Records to use
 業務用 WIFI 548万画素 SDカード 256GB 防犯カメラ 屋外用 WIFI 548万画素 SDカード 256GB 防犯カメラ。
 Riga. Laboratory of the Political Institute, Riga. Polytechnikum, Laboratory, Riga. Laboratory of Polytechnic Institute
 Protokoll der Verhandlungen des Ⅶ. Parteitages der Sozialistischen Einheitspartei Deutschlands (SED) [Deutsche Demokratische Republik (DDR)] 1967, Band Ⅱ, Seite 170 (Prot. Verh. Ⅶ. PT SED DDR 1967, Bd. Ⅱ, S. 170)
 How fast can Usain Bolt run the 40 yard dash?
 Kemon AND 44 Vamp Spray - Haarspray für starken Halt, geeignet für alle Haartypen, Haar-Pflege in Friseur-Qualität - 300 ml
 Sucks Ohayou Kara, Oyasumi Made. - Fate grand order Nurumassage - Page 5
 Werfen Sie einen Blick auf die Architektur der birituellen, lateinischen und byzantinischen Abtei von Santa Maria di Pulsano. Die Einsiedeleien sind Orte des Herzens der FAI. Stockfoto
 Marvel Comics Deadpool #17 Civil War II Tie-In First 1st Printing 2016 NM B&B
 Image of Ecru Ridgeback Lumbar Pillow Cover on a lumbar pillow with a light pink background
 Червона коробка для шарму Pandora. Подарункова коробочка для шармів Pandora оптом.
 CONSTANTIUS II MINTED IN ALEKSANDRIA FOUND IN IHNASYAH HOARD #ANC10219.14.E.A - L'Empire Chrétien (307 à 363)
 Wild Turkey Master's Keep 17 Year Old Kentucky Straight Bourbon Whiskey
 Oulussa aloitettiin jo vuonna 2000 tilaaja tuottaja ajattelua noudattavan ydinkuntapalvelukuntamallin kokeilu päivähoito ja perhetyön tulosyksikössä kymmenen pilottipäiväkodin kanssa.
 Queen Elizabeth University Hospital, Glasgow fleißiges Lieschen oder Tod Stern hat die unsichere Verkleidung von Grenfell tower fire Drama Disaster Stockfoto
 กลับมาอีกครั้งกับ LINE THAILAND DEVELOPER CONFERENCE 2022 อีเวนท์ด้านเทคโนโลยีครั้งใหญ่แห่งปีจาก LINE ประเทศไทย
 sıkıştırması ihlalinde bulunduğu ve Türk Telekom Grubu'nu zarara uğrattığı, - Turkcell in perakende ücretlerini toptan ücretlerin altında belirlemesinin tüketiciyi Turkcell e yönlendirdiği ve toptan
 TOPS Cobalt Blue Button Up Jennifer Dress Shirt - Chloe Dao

Task description
In the listing above, find each line containing "Stockfoto" and copy it.

Exercise output
 Werfen Sie einen Blick auf die Architektur der birituellen, lateinischen und byzantinischen Abtei von Santa Maria di Pulsano. Die Einsiedeleien sind Orte des Herzens der FAI. Stockfoto
 Queen Elizabeth University Hospital, Glasgow fleißiges Lieschen oder Tod Stern hat die unsichere Verkleidung von Grenfell tower fire Drama Disaster Stockfoto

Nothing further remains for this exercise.